Half of women will develop dementia, Parkinson's disease or have a stroke in their lifetime, new research suggests.
About a third of men aged 45 and one in two women of the same age are likely to go on to be diagnosed with one of the conditions, according to a study of more than 12,000 people.
The researchers, from the University Medical Center Rotterdam, in the Netherlands, said preventative measures could "substantially" reduce the burden of the illnesses.
The findings have been published in the Journal of Neurology, Neurosurgery, and Psychiatry.

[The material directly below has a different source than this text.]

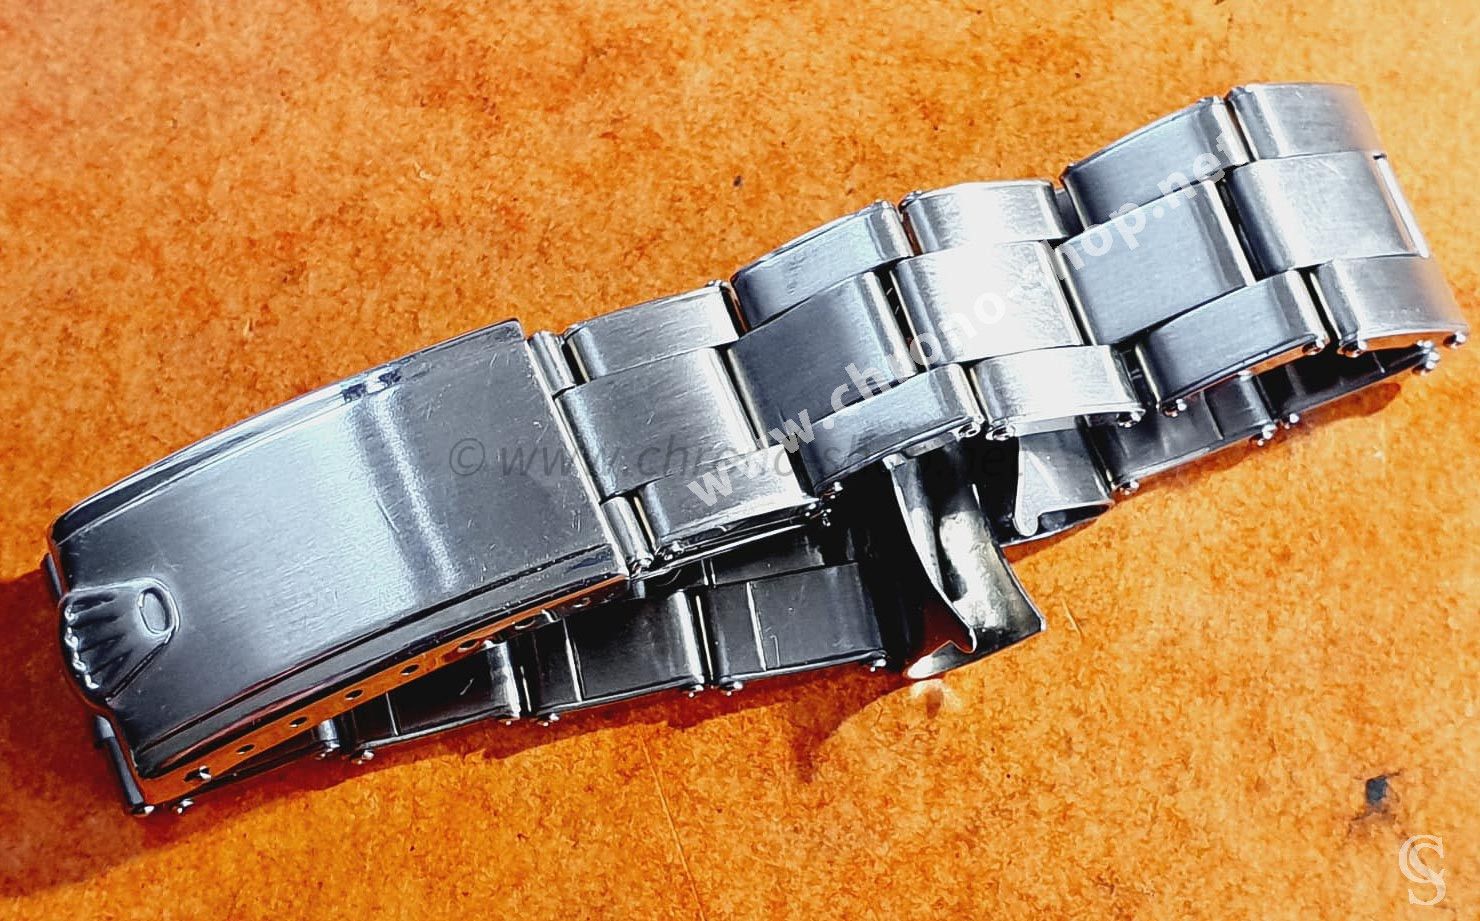 Rolex Bracelet Tightening: To Tighten or Not to Tighten | The Watch Buyers  Group

The health of 12,102 people was monitored between 1990 and 2016, with all participants initially under the age of 45.
During this period 1,489 were diagnosed with dementia and 263 with parkinsonism, while 1,285 had a stroke.
The overall risk of a 45-year-old later developing one of the three conditions was 48% for women and 36% for men, the researchers said.
Dementia was of greatest concern for women, who at 45 years old had a 25.9% risk of going on to develop the condition, compared with 13.7% for men.
Dr Carol Routledge, director of research at Alzheimer's Research UK, said: "This large study underscores the enormous impact that neurological illnesses have across society and how women are disproportionately affected, particularly when it comes to dementia."
Those diagnosed with one of the three conditions were found to have a higher prevalence of high blood pressure, abnormal heart rhythm, high cholesterol and Type 2 diabetes at the start of the monitoring period.
"These findings strengthen the call for prioritising the focus on preventative interventions at population level which could substantially reduce the burden of common neurological diseases in the ageing population," the authors said.
They estimate that if onset of dementia, parkinsonism and stroke was delayed by one to three years, the remaining risk of developing the conditions could be cut by 20% among 45 year olds and more than 50% in those older than 85 years old.
Dr Routledge (pictured) said it was "crucial" that efforts to find a drug which can delay the onset of dementia symptoms were increased.
She added: "For most of us, our individual risk of illnesses like dementia is not set in stone and there are things we can all do to help maintain a healthy brain.
"The best current evidence suggests that eating a balanced diet, controlling our weight, staying physically active, not smoking, only drinking within the recommended limits and keeping blood pressure and cholesterol in check are all associated with better brain health into old age."
Claire Bale of Parkinson's UK said: "Our recent analysis found that Parkinson's is set to rise steeply to 170,000 by 2025 due to our growing and ageing population. Although it's important to point out that, unlike dementia, women are actually at slightly lower risk of developing Parkinson's than men.
"We urgently need to invest more in research to develop better treatments to help those living with these devastating conditions, and ultimately to find ways to prevent people from developing them in the first place."